Entry point (single video): `scripts/video/generate_video.sh`
Entry point (long/multi-scene): `scripts/video/generate_long_video.sh`

### Video Model Constraints (MUST follow)

**Supported resolutions and durations by model:**

| Model | Resolution | Duration |
|-------|-----------|----------|
| MiniMax-Hailuo-2.3 | 768P only | 6s or 10s |
| MiniMax-Hailuo-2.3-Fast | 768P only | 6s or 10s |
| MiniMax-Hailuo-02 | 512P, 768P (default) | 6s or 10s |
| T2V-01 / T2V-01-Director | 720P | 6s only |
| I2V-01 / I2V-01-Director / I2V-01-live | 720P | 6s only |
| S2V-01 (ref) | 720P | 6s only |

**Key rules:**
- **Default: 6s + 768P** — plan quotas are counted in 6-second units; use 6s unless user explicitly requests 10s
- **1080P is NOT supported** on any plan — always use 768P for Hailuo-2.3/2.3-Fast
- Older models (T2V-01, I2V-01, S2V-01) only support 6s at 720P

### IMPORTANT: Prompt Optimization (MUST follow before generating any video)

Before calling any video generation script, you MUST optimize the user's prompt by reading and applying `references/video-prompt-guide.md`. Never pass the user's raw description directly as `--prompt`.

**Optimization steps:**

1. **Apply the Professional Formula**: `Main subject + Scene + Movement + Camera motion + Aesthetic atmosphere`
   - BAD: `"A puppy in a park"`
   - GOOD: `"A golden retriever puppy runs toward the camera on a sun-dappled grass path in a park, [跟随] smooth tracking shot, warm golden hour lighting, shallow depth of field, joyful atmosphere"`

2. **Add camera instructions** using `[指令]` syntax: `[推进]`, `[拉远]`, `[跟随]`, `[固定]`, `[左摇]`, etc.

3. **Include aesthetic details**: lighting (golden hour, dramatic side lighting), color grading (warm tones, cinematic), texture (dust particles, rain droplets), atmosphere (intimate, epic, peaceful)

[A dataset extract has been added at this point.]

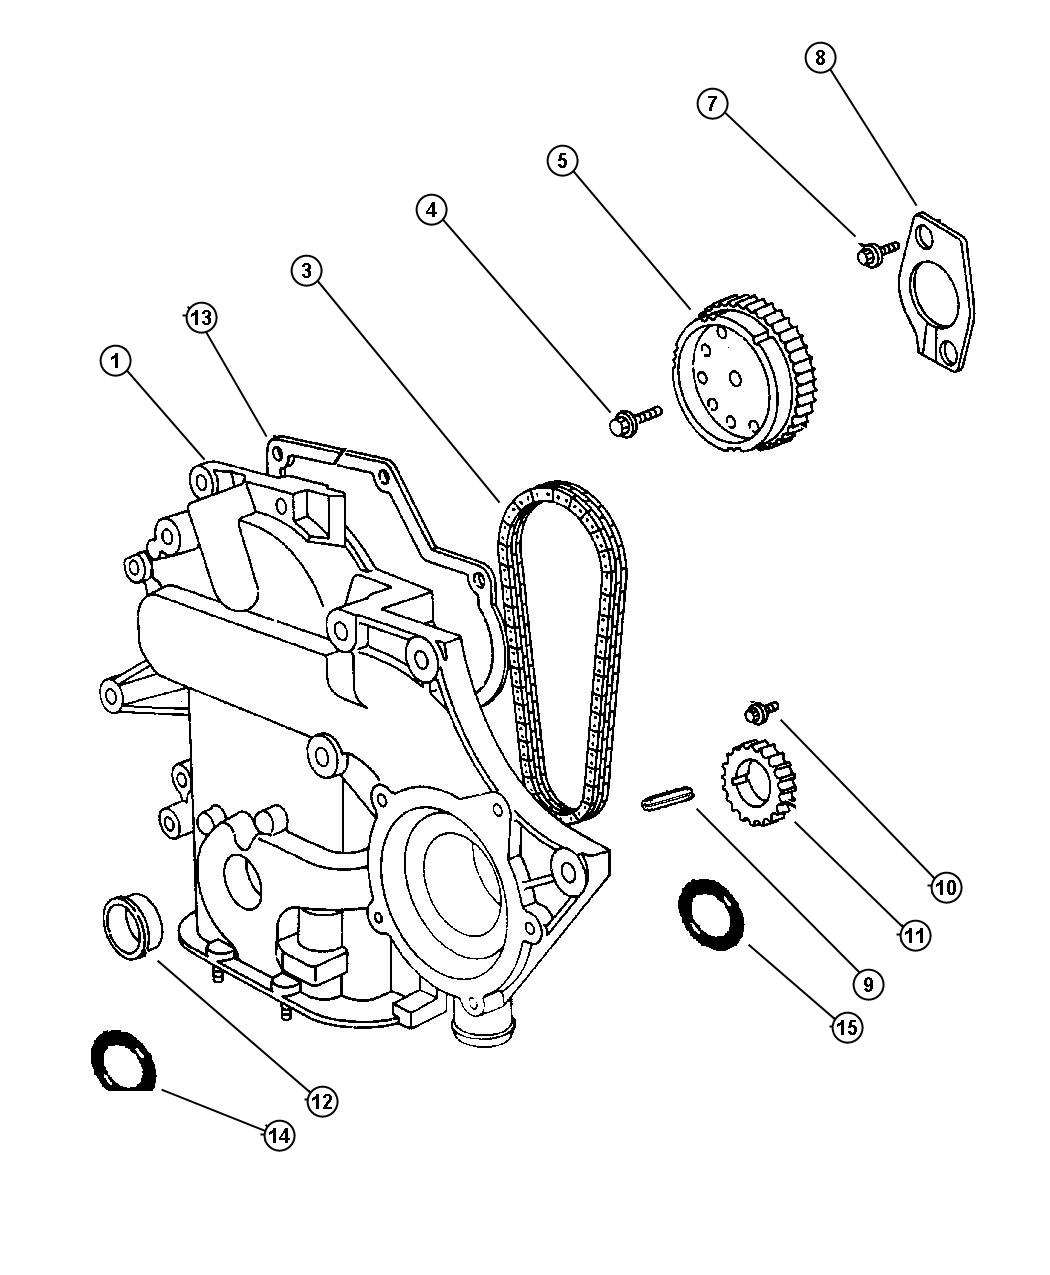 Snap Dodge Caravan Timing Belt Location Get Free Image About Wiring 3 8l Engine Diagram Service Manual 2000 Chain Pdf Durango Water Pump

4. **Keep to 1-2 key actions** for 6-10 second videos — do not overcrowd with events

5. **For i2v mode** (image-to-video): Focus prompt on **movement and change only**, since the image already establishes the visual. Do NOT re-describe what's in the image.
   - BAD: `"A lake with mountains"` (just repeating the image)
   - GOOD: `"Gentle ripples spread across the water surface, a breeze rustles the distant trees, [固定] fixed camera, soft morning light, peaceful and serene"`

6. **For multi-segment long videos**: Each segment's prompt must be self-contained and optimized individually. The i2v segments (segment 2+) should describe motion/change relative to the previous segment's ending frame.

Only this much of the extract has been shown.